To use nonfree software with CLI tools like nix shell or nix run, the --impure flag must be used for Nixpkgs to access the current environment variables:

$ NIXPKGS_ALLOW_UNFREE=1 nix run --impure nixpkgs#discord

To use nonfree software in a flake, add nixpkgs as an input in your flake and import it with the allowUnfree option:

pkgs = import nixpkgs { config = { allowUnfree = true; }; };

Enable unfree software in home-manager

If you want to install software using home-manager via nix flakes in non NixOS systems (like darwin) you can use the home-manager nixpkgs.config option for example

nixpkgs.config.allowUnfree = true;

Development tricks

How to add a file locally in git but not include it in commits

When a git folder exists, flake will only copy files added in git to maximize reproducibility (this way if you forgot to add a local file in your repo, you will directly get an error when you try to compile it). However, for development purpose you may want to create an alternative flake file, for instance containing configuration for your preferred editors as described here… of course without committing this file since it contains only your own preferred tools. You can do so by doing something like that (say for a file called extra/flake.nix):

git add --intent-to-add extra/flake.nix
git update-index --assume-unchanged extra/flake.nix

Rapid iteration of a direct dependency

One common pain point with using Nix as a development environment is the need to completely rebuild dependencies and re-enter the dev shell every time they are updated. The nix develop --redirect <flake> <directory> command allows you to provide a mutable dependency to your shell as if it were built by Nix.

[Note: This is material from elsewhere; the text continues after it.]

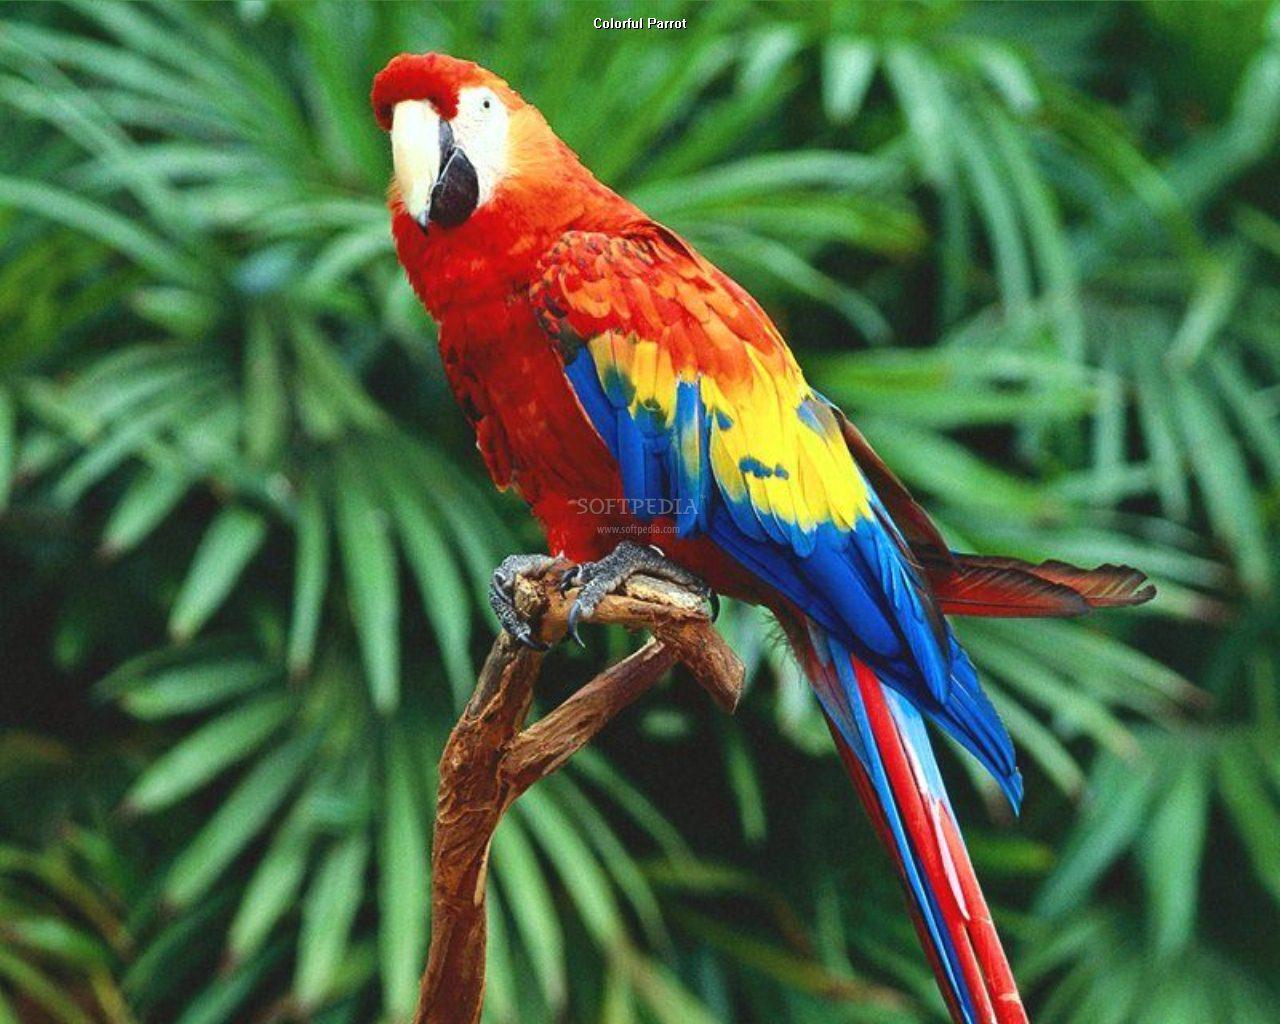 pictures top ten beautiful birds top 10 parrot wallpaper parrot 1280x1024

Consider a situation where your executable, consumexe, depends on a library, libdep. You're trying to work on both at the same time, where changes to libdep are reflected in real time for consumexe. This workflow can be achieved like so:

cd ~/libdep-src-checkout/
nix develop # Or `nix-shell` if applicable.
export prefix="./install" # configure nix to install it here
buildPhase   # build it like nix does
installPhase # install it like nix does

Now that you've built the dependency, consumexe can take it as an input. In another terminal:

cd ~/consumexe-src-checkout/
nix develop --redirect libdep ~/libdep-src-checkout/install
echo $buildInputs | tr " " "\n" | grep libdep
# Output should show ~/libdep-src-checkout/ so you know it worked

If Nix warns you that your redirected flake isn't actually used as an input to the evaluated flake, try using the --inputs-from . flag. If all worked well you should be able to buildPhase && installPhase when the dependency changes and rebuild your consumer with the new version without exiting the development shell.